"I hope each and every one will recognise the responsibility that comes with leaving the Earth, travelling to the Moon and back," says Yusaku Maezawa.
Japanese billionaire Yusaku Maezawa has announced eight crew members who will join him for a journey around the Moon planned for 2023 on a SpaceX rocket that is still under development.
The mission, known as dearMoon, was first announced in 2018. Maezawa initially said he would invite a crew of six-to-eight artists, but later changed the entry requirements to a competition which applicants could apply for online.

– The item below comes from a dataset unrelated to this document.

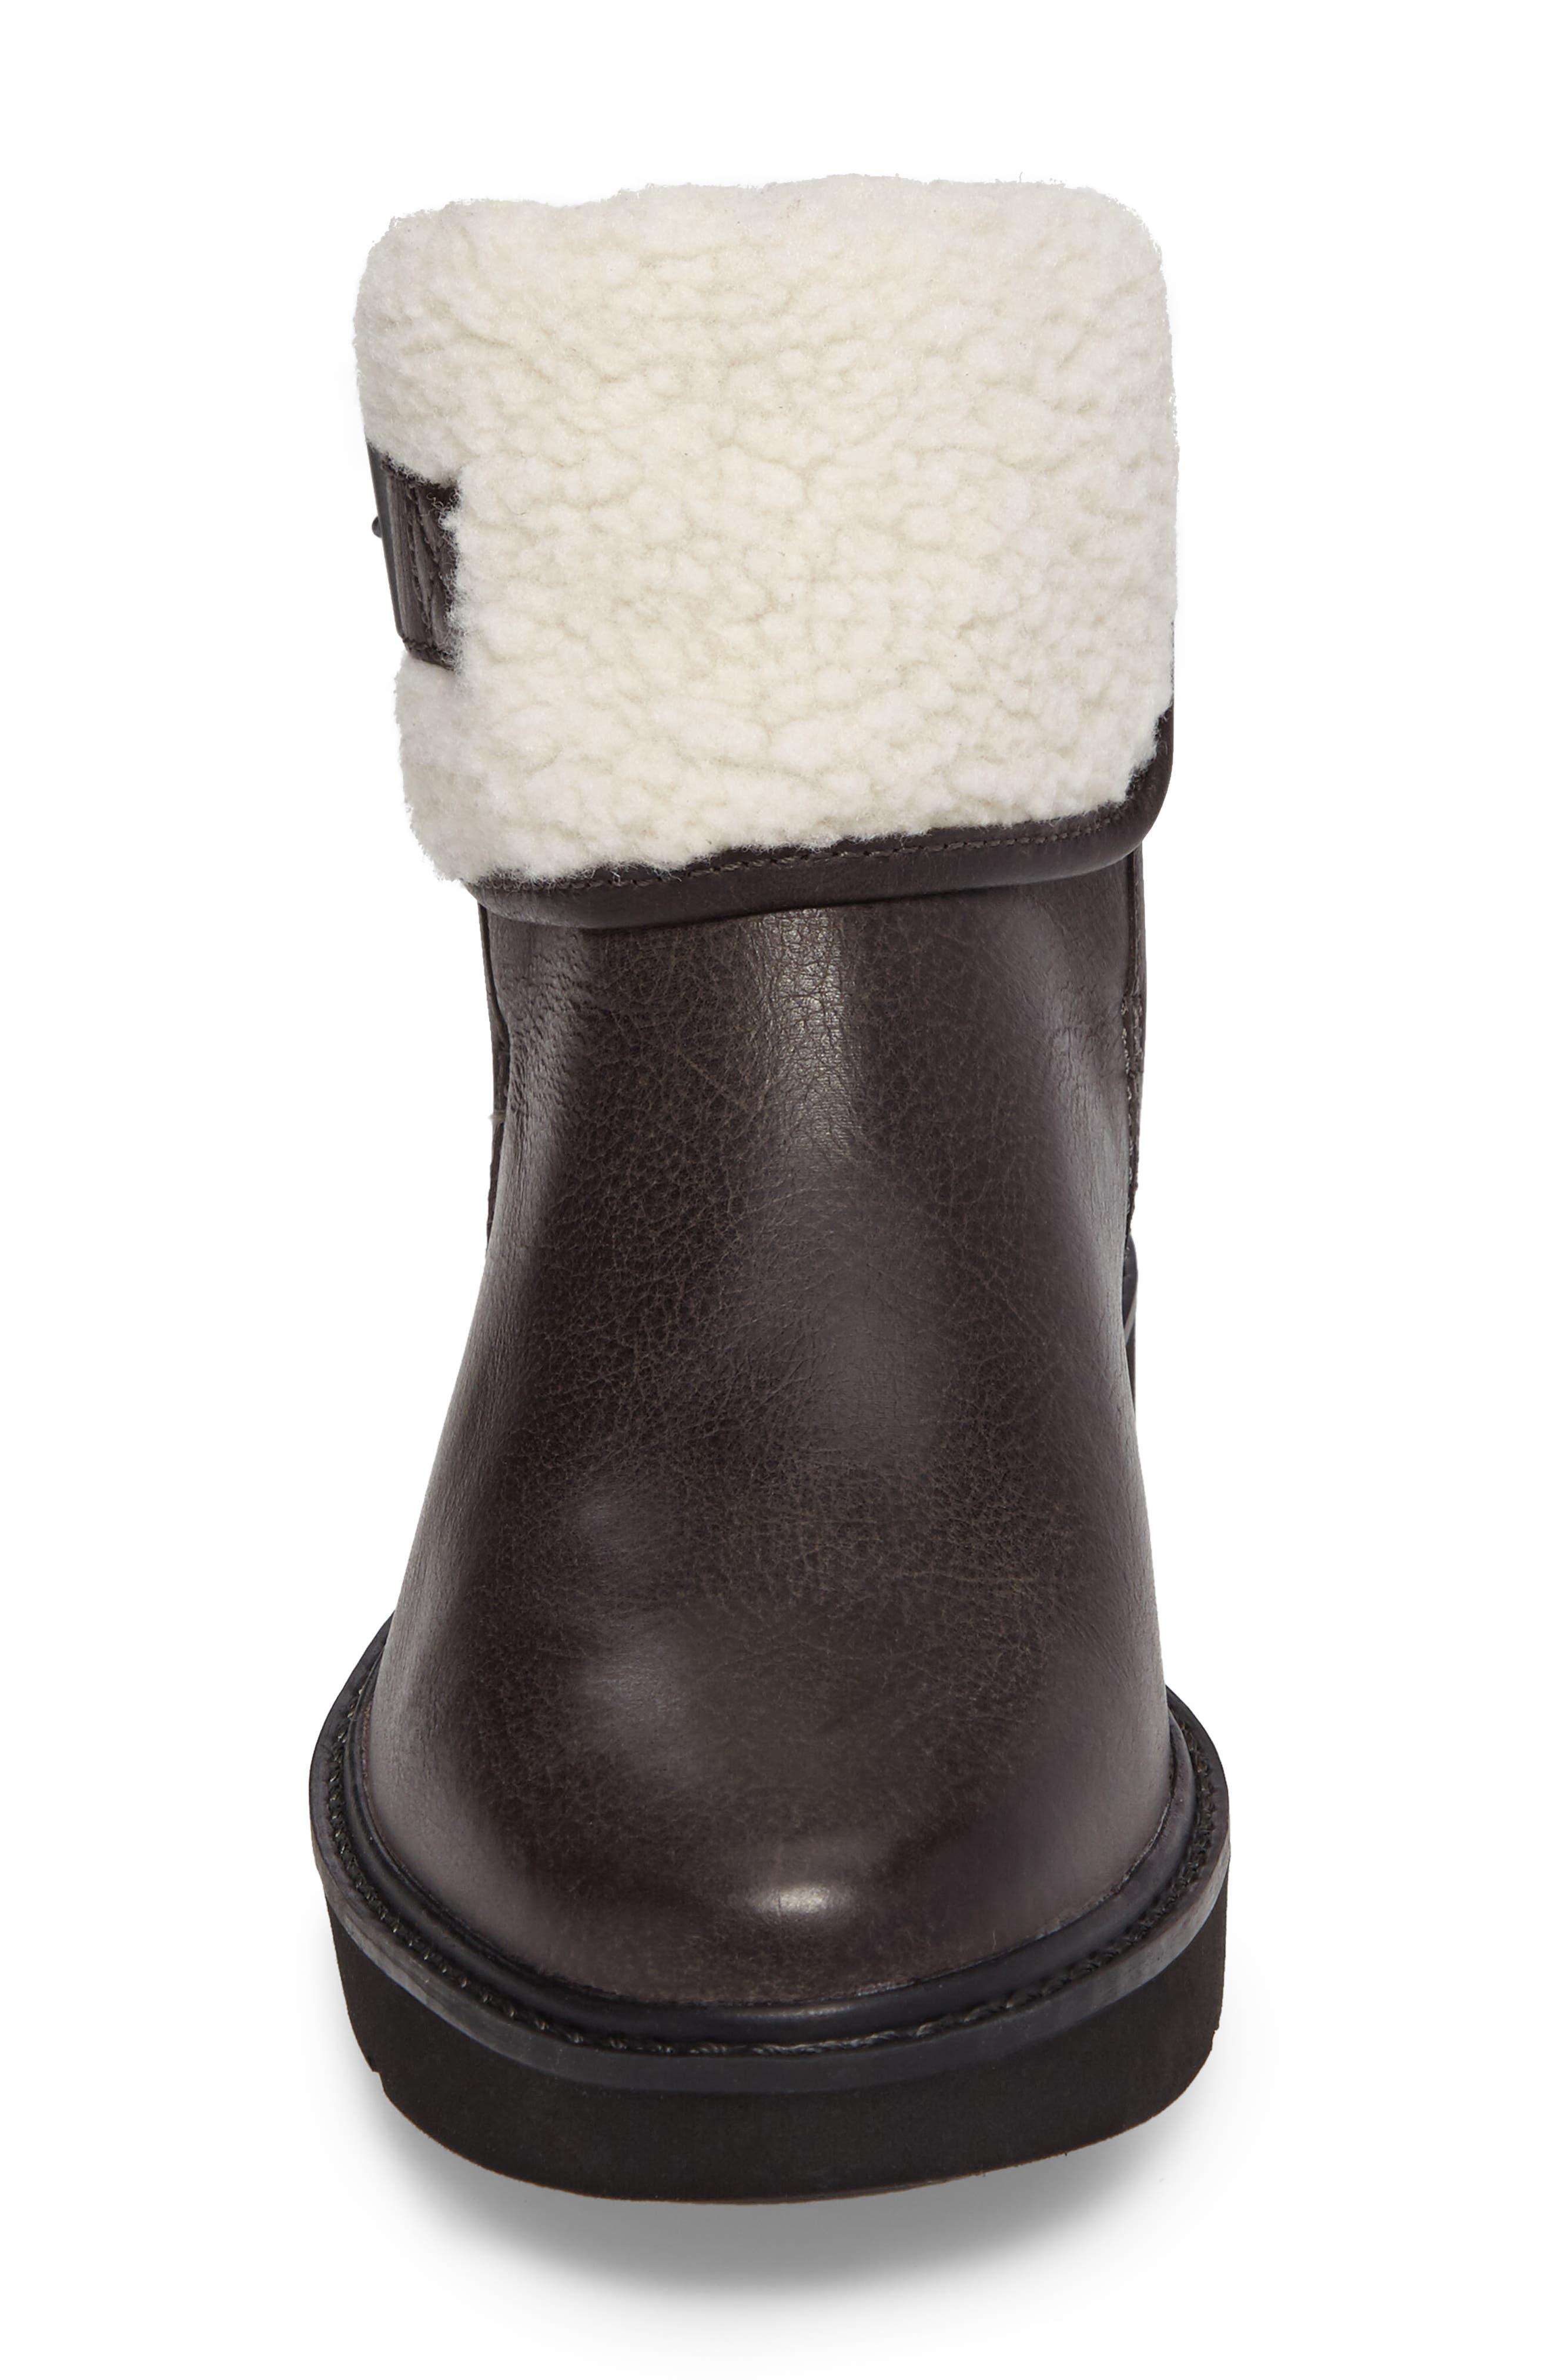 Kenniston Fleece Lined Boot,                             Alternate thumbnail 4, color,                             021

The eight people chosen on Thursday were DJ and producer Steve Aoki of the United States; Tim Dodd, an American YouTuber; Czech artist Yemi AD; Rhiannon Adam, an Irish photographer; British photographer Karim Iliya; American filmmaker Brendan Hall; and Indian actor Dev Joshi, and K-pop musician TOP of South Korea.
There were also two backup crew members: snowboarder Kaitlyn Farrington of the US and dancer Miyu of Japan.
Maezawa had previewed his announcement on Twitter — then released a two-minute video on YouTube that was quickly made private. A saved copy however was tweeted by CNBC space reporter Michael Sheetz.
"I hope each and every one will recognise the responsibility that comes with leaving the Earth, travelling to the Moon and back," Maezawa said in the video. "They will gain a lot from this experience, and I hope they will use that to contribute to the planet, to humanity."
Most powerful rocket ever
According to a mission profile graphic on the dearMoon website, the round trip would last almost six days and circumnavigate the Moon without landing.
When completed, SpaceX's Starship will be the most powerful rocket ever built.
Although its upper stage has succeeded in test flights within the atmosphere and successfully landed, SpaceX has yet to carry out an orbital test flight — something founder Elon Musk has repeatedly promised will happen by the end of 2022.
Maezawa, the mega-rich founder of Japan's largest online fashion mall, flew last year to the International Space Station aboard a Russian Soyuz rocket, paying a reported $73 million.